The statue of Mary holding the child Jesus stands at the entrance to St. Mary’s Seminary and University’s chapel. The statue is titled Sedes Sapientiae, or Seat of Wisdom, a metaphor drawn from the Old Testament. It is an image especially beloved to Sulpicians. Seminarians affectionately refer to the statue as Sadie. More than any other, this image on last year’s Christmas card represents St. Mary’s to alumni.

I am an alumna of the Brooklyn Bridge. A magnificent photo, shot from its center walkway by a friend, has been hanging above my desk for twenty-five years. Desks and jobs have changed—although all have been in theological education—and the picture has been a marker for me, an anchor recalling my formative years in New York City. It’s an image beyond words that lets me think what I want about it.

Theological school graduates often cherish images of their schools that are similarly evocative. They recall a sense of place that captures formative years and reminds one of friendships, teachers, perspectives on faith and the church, emergent vocations, and spiritual life. Such images are replete with smells and sounds, lighting, and changes in season. They take on meaning beyond words.

When theological school presidents come into office, they inherit more images about their place than they can ever know. And still they are responsible for articulating a sense of place that gathers up the many pasts, provides a sharp image of the present, and draws students, faculty, church sponsors, alumni, and other benefactors into the future. “Image is everything,” chant the marketers; presidents know that. The stakes are high in theological education.

Not until I completed interviews with four presidents did I fully appreciate the cost of their inheritance: each has labored to interpret his or her school in the face of seismic changes in the religious landscape over the past thirty years. The work of interpretation and repositioning is neither for the fainthearted, nor for those holding brief presidential tenures. There is too much to know, and they have to get the timing right to articulate images that will be heard, command respect, and give hope in good times and in bad.

Graduates Are the First Test 

Graduates are one primary test in image-tending. “My goal is to create a sense of belonging in our alumni; they have the deepest stake in their seminary,” said my own president, the Reverend Robert Leavitt. A priest of the Society of St. Sulpice, he has led 209-year-old St. Mary’s Seminary and University in Baltimore, Maryland, for twenty years.

Leavitt thinks schools and seminaries sometimes spend too much time developing immediate, market-oriented logos and graphics.
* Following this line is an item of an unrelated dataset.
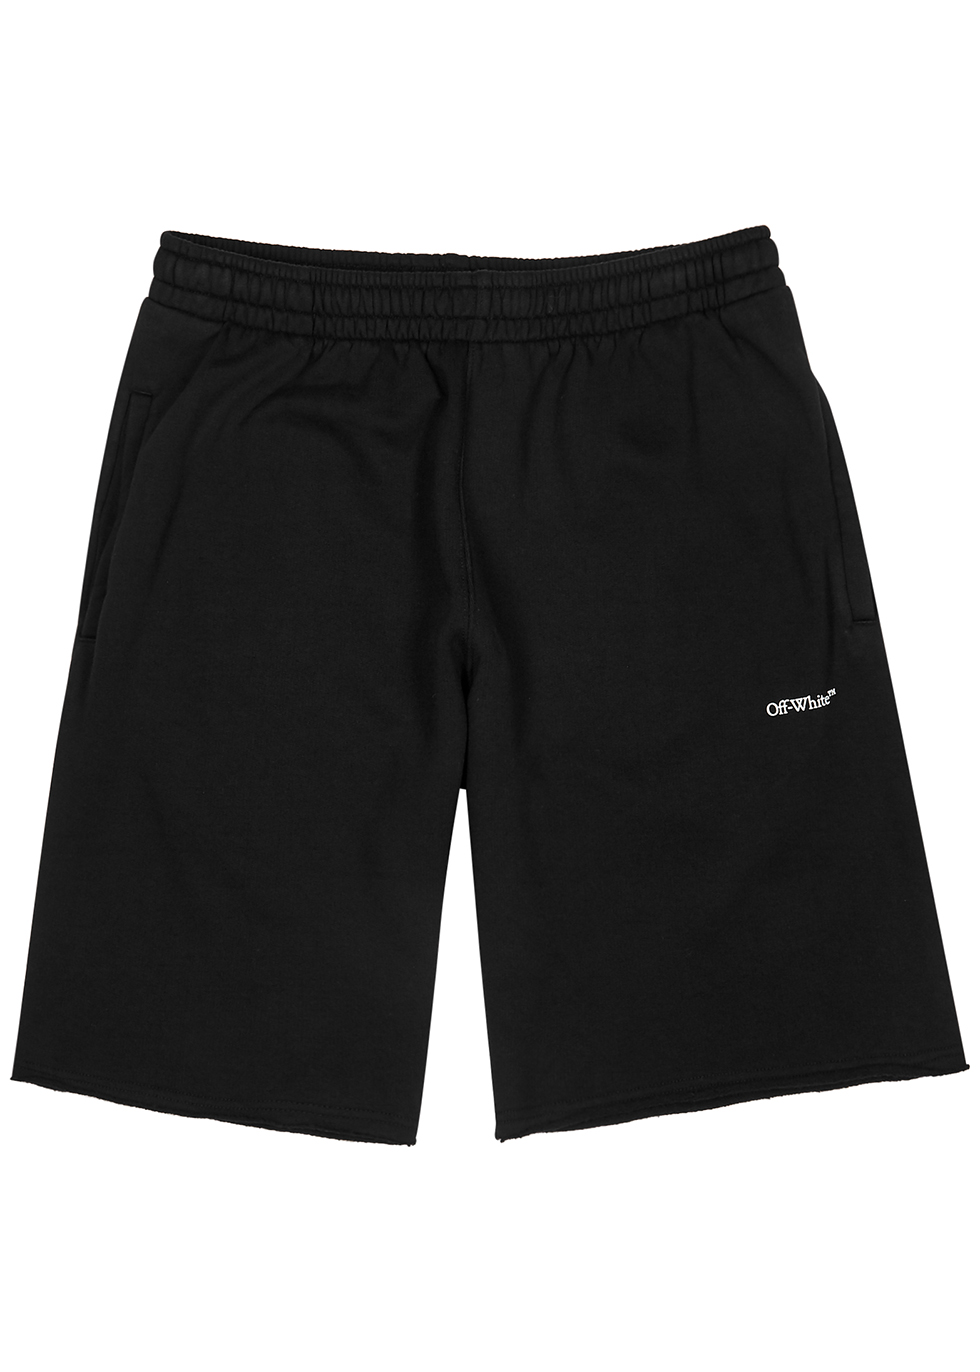 Stencil black cotton shorts
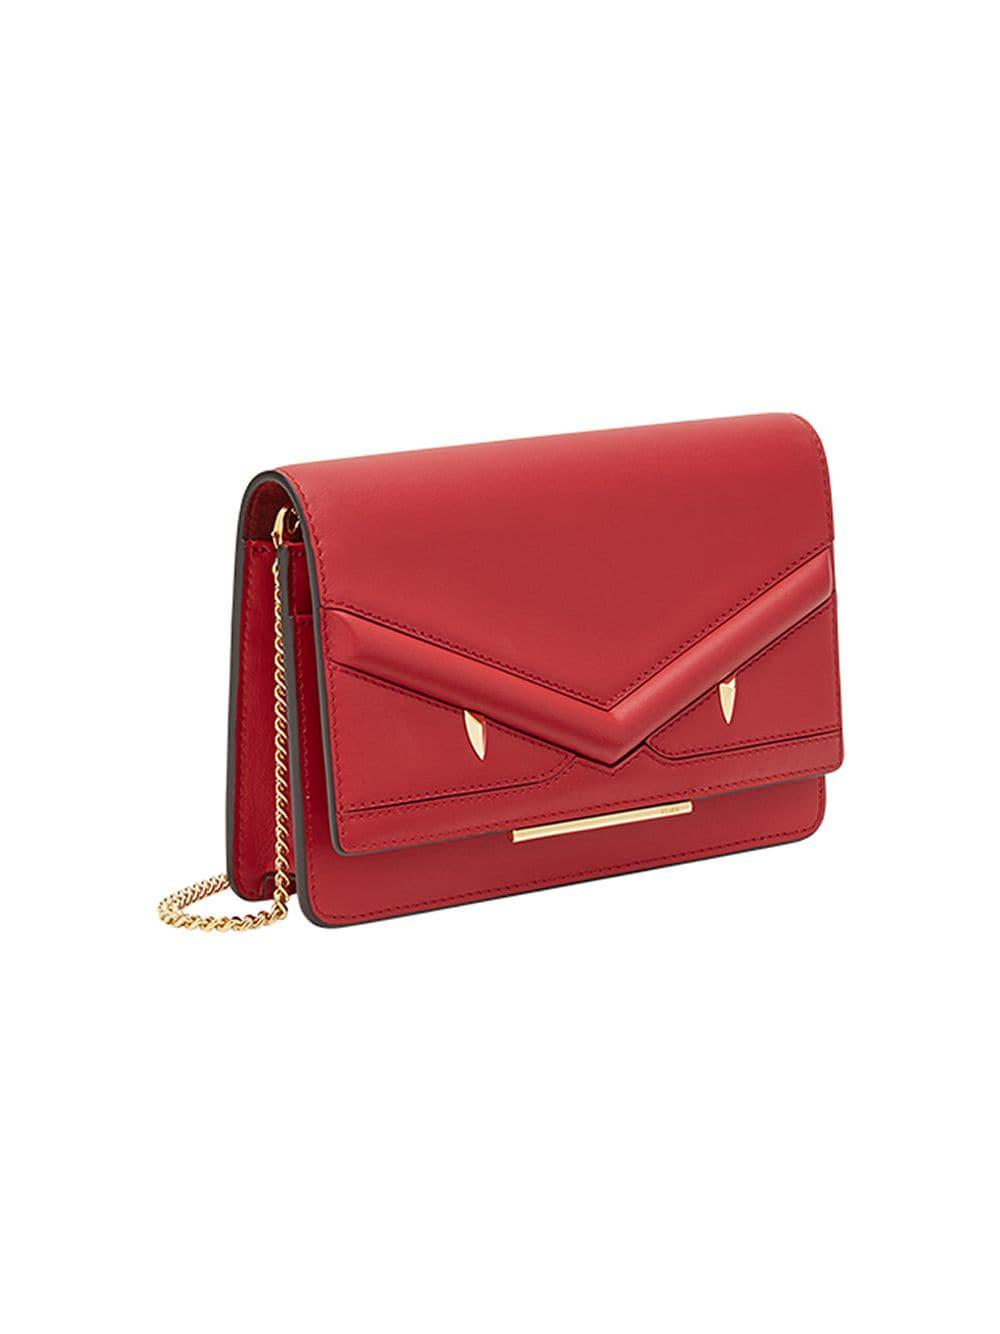 a289dc0f41c7 Lyst - Fendi Wallet On Chain Mini Bag in Red

More important in his view are “those deep emblems” of a seminary tradition with which alumni and other stakeholders identify: the daily schedule, architectural profiles, the sense of time and place for study and prayer, the moods that evoke memories. These are all means by which alumni recognize their alma mater and feel connected.

Historic connections must hold while institutions respond to new challenges. Roman Catholic schools preparing prospective priests, for example, must attract students from a shrinking pool of men who believe they are called to ordination. These schools must keep faith with dozens of bishops and vocation directors who now (or will in the future) sponsor these seminarians for their dioceses. 

In the case of St. Mary’s, Leavitt’s challenge in 1980, when he was appointed president-rector, was to renew commitment to the school’s founding mission of preparing seminarians for priesthood. At the time, a feasibility study for a capital campaign demonstrated that St. Mary’s alumni and publics were confused about the seminary’s role. The image had blurred. 

Was St. Mary’s going to be primarily a seminary preparing future priests or a school for ministry, lay and ordained? Many schools with decreasing enrollments had chosen the latter course. At a time when the numbers of priestly candidates were declining, there seemed to be an implicit mandate to shift attention to the growing market of laity and seize the opportunity that that provided. The new president-rector believed his task was to reawaken confidence in the priesthood while at the same time creating new theological opportunities for the laity. 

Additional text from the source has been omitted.